Francuzi są jednak znacznie ciekawsi Polski. Mnie to już nie boli. Wolę ich niewiedzę i ciekawość niż przekonanie, że jesteśmy bandą pijaków i złodziei. Sama często opowiadam o Polsce znajomy, czy mojej szefowej. Serwuję też polskie dania, które wszystkim bardzo smakują 😉
Gdy jeszcze mieszkałam w Gruzji, Gruzini byli zachwycenie, gdy słyszeli, że jestem z Polski. Opowiadali jakimi to jesteśmy przyjaciółmi i że Kaczyński dobrym człowiekiem był i Putin go zamordował, za to że Kaczyński w 2008 przyleciał do Gruzji i stanął po stronie Saakashvilego. Byłam pod wrażeniem, że tak interesują się naszym krajem, pytają o wiele rzeczy. Entuzjazm zmalał przy przekroczeniu granicy z Armenią. Oni co prawda wiedzieli coś o naszym kraju, ale w ogóle nie byli zainteresowani. Za to pytali moją francuską przyjaciółkę o jej kraj. Ormianie mają tam dużą diasporę. Za tym przy dalszych podróżach do Azji: Chiny i Tajlandia zaczęło być podobnie do Ciebie:
ktoś: Where are you from?
ja: Poland
ktoś: aaaaa (opadający rozczarowany ton)
ewentualnie druga sytuacja:
ktoś: Where are you from?
ja: Poland
ktoś: Holland? I love Amsterdam!
ja: no, Poland, Polonia, Poloneti
ktoś: aaaaa (opadający rozczarowany ton)
Lolani ludzie nie pytają o szczegóły, o kulturę, o położenie, o jedzenie. Inni podróżnicy wspominają o Krakowie, alkoholu i pierogach. Czasem o jakimś znajomym z Polski.

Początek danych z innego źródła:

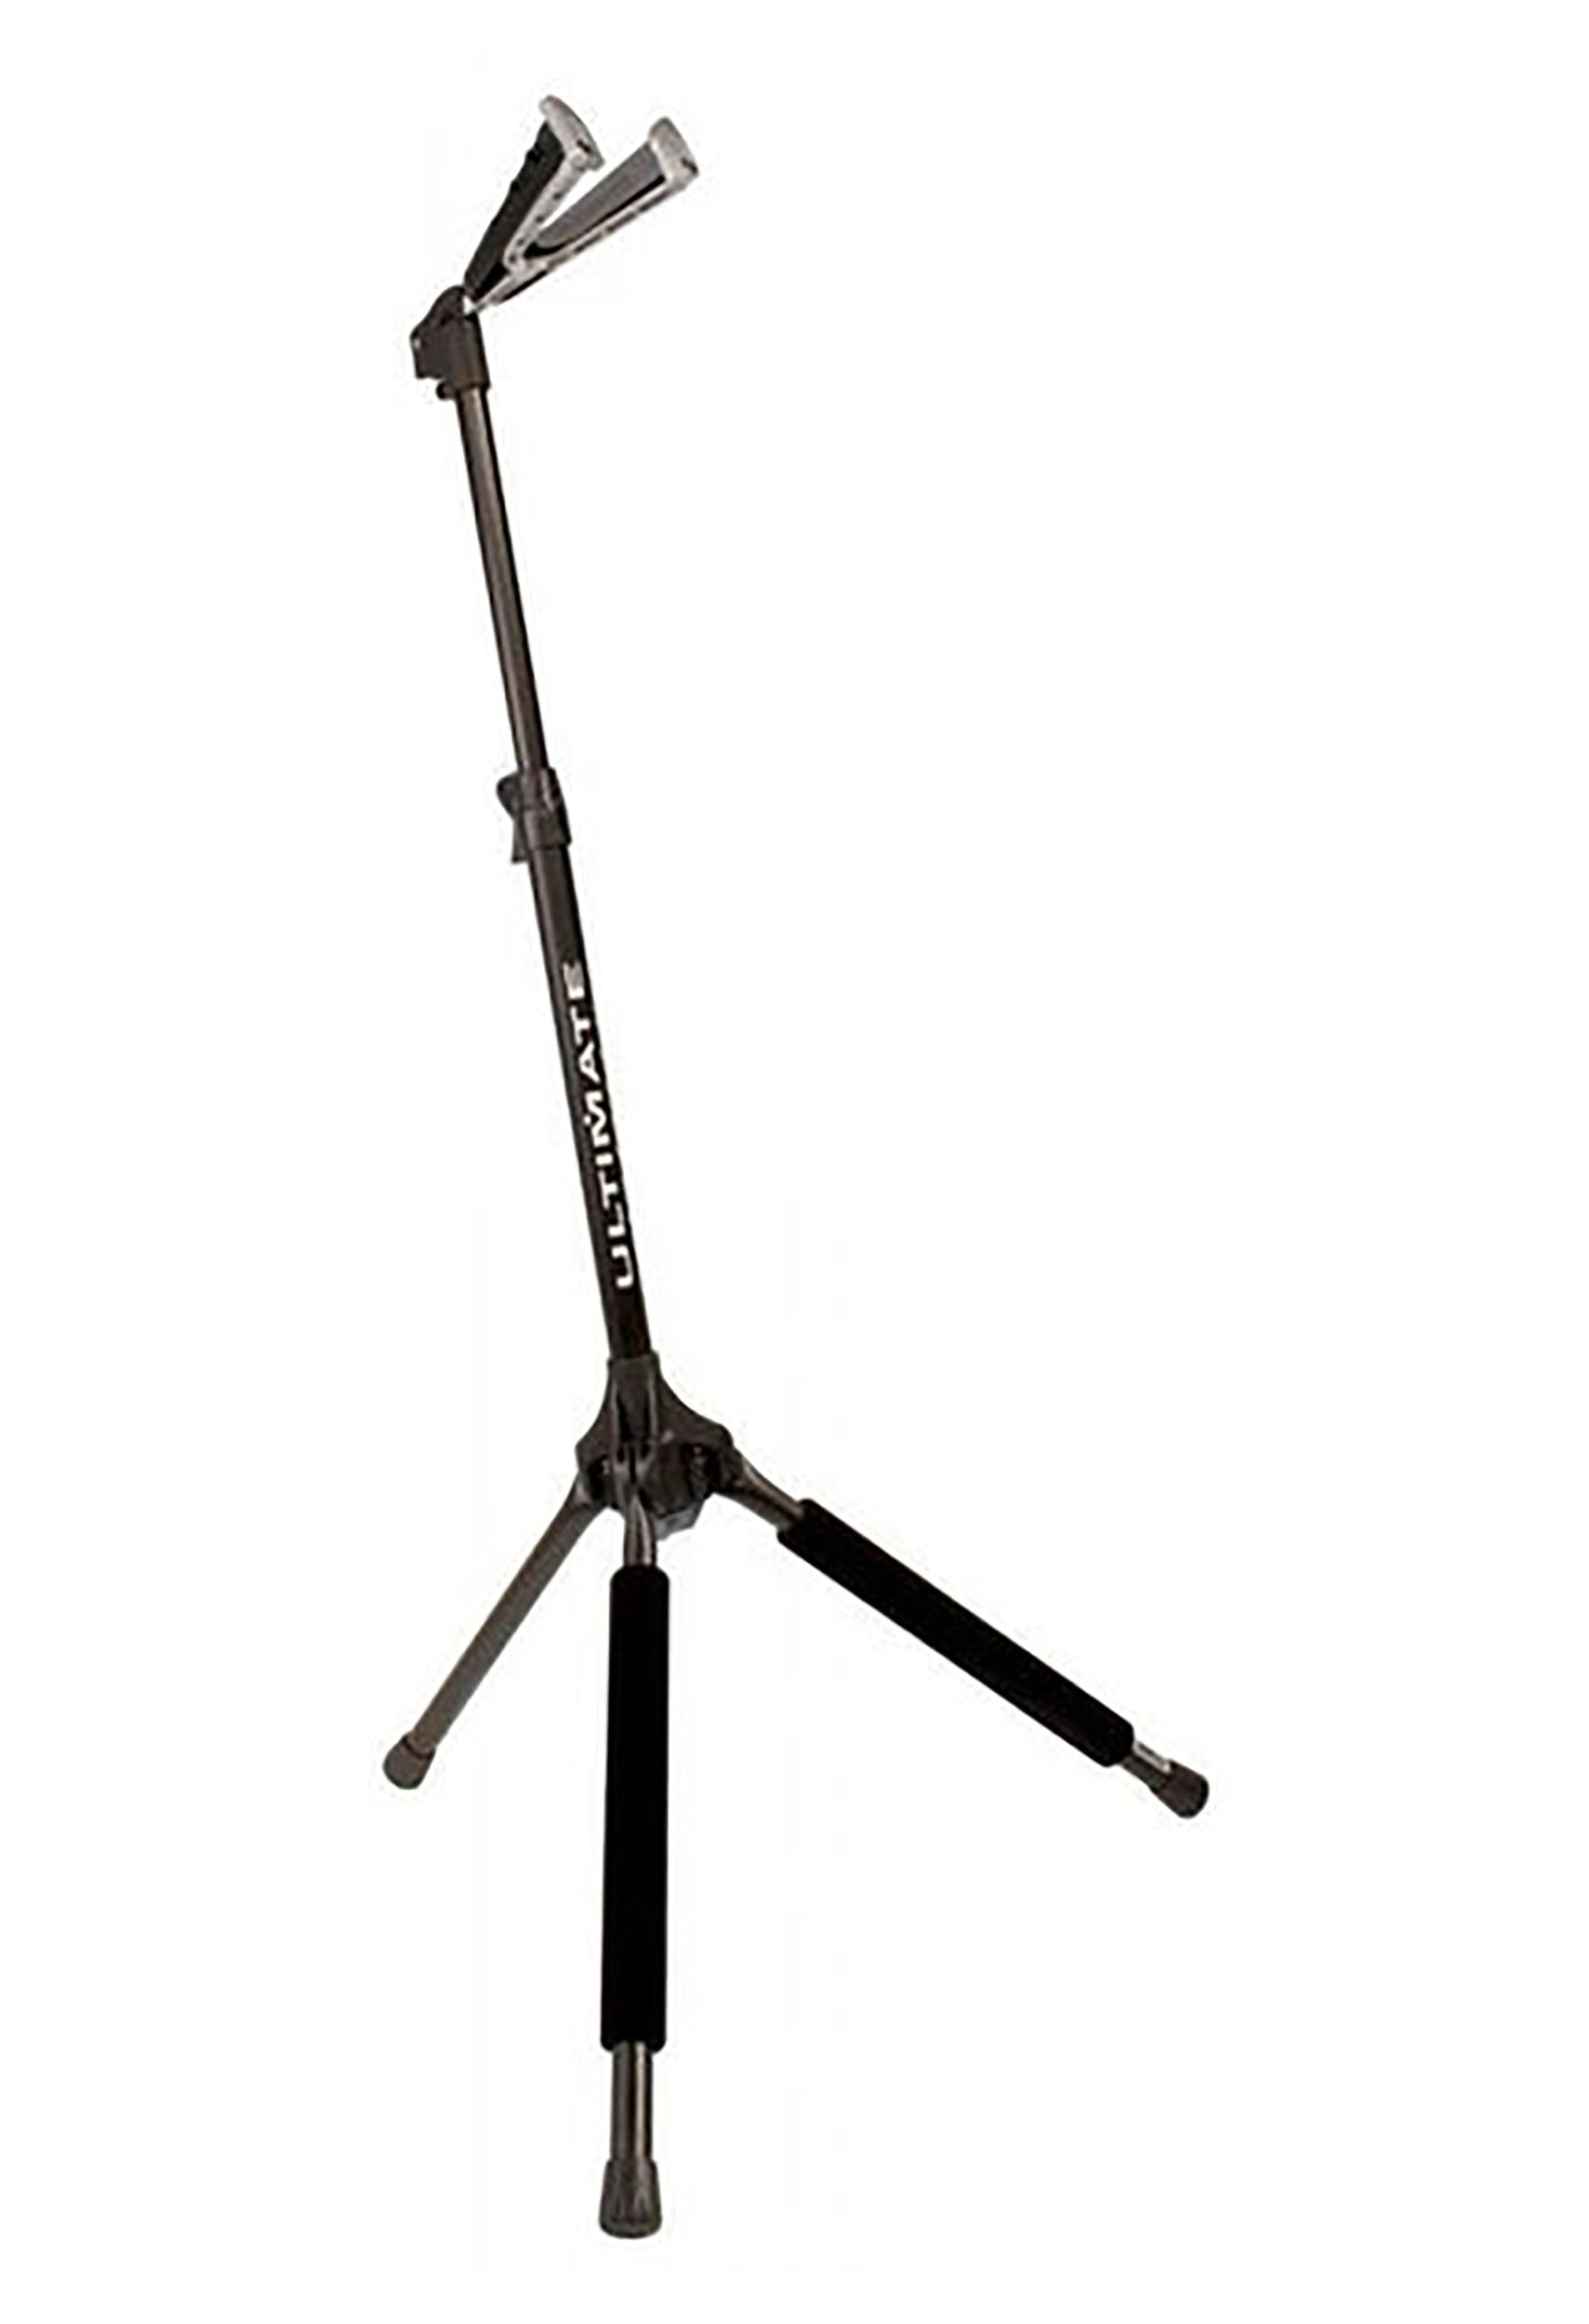 Ultimate Support GS-1000, Genesis Series Locking Leg/Yoke Guitar Stand by Ultimate Support
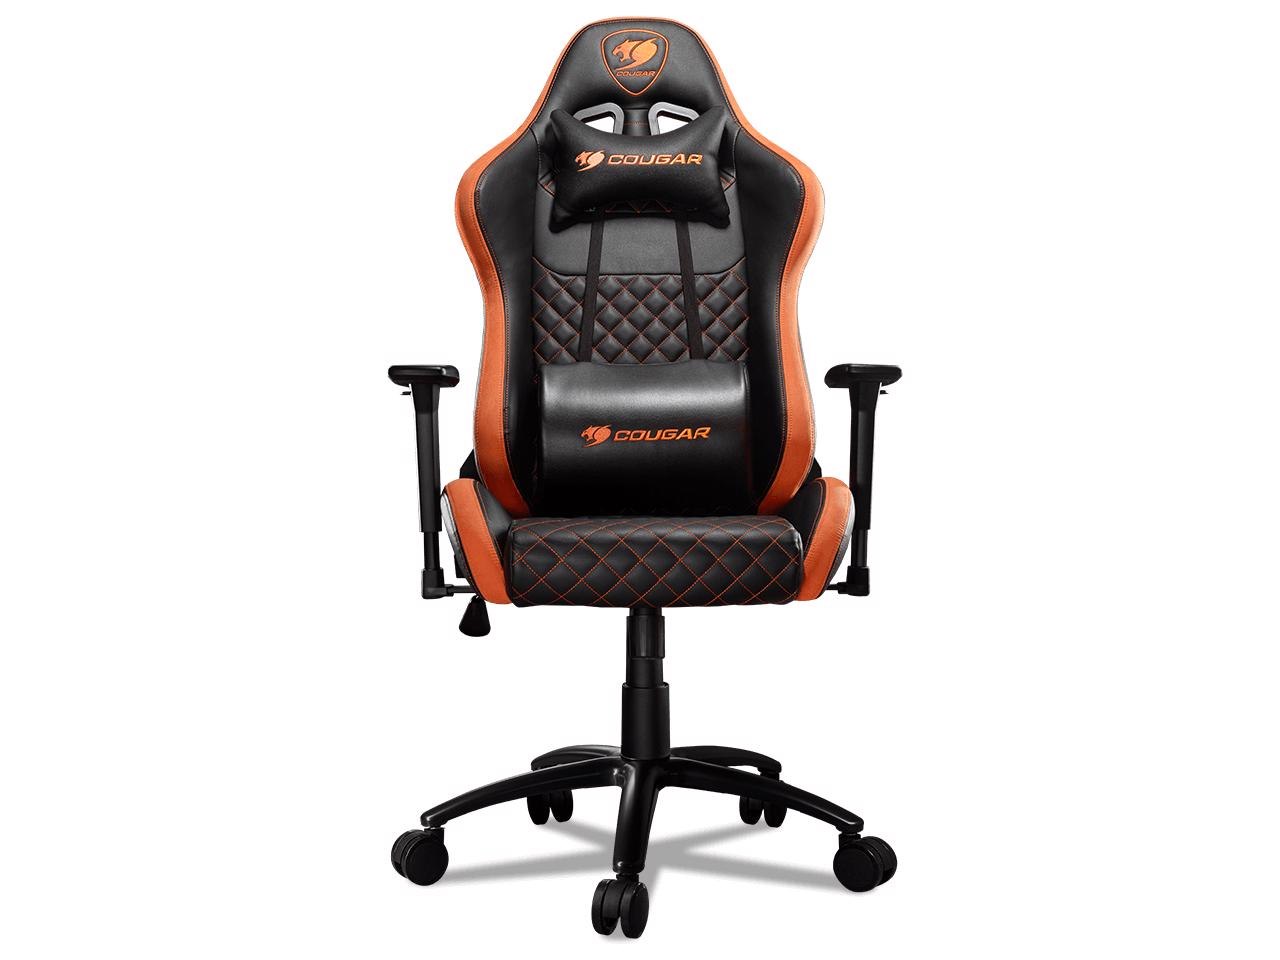 Cougar Armor Pro Gaming Chair With A Steel Frame

Oczywiście, że jest mi przykro. Większość moich kompanów podróży to obcokrajowcy i oni częściej spotykają się z zainteresowaniem i dłuższa rozmową.
Ale tak jak piszesz niewielu Polaków wie coś o Malezji. Gdy w 2011 wyprowadzałam się do Gruzji, znajomi pytali czy będę musiała chodzić w burce, czy mają internet i bieżącą wodę. Teraz Gruzja jest jednym z najpopularniejszych kierunków podróży. Świat się otwiera, ludzie więcej czytają w internetach. Jest również szansa, że gdy jakiś Polak spotka Malezyjczyka w podróży usłyszy od niego:”U nas w Malezji jest taka Polka Zuza, ona mi tyle opowiedziała o tym kraju i jadłem u niej ruskie pierogi (z chilli :P) i zdecydowałem, że musze pojechać do Polski”.
Lepsze czasy nadejdą 😉
U mnie dokladnie tak samo. Ok, nice. Spotkalam killa osob, ktore cos wiedzialy.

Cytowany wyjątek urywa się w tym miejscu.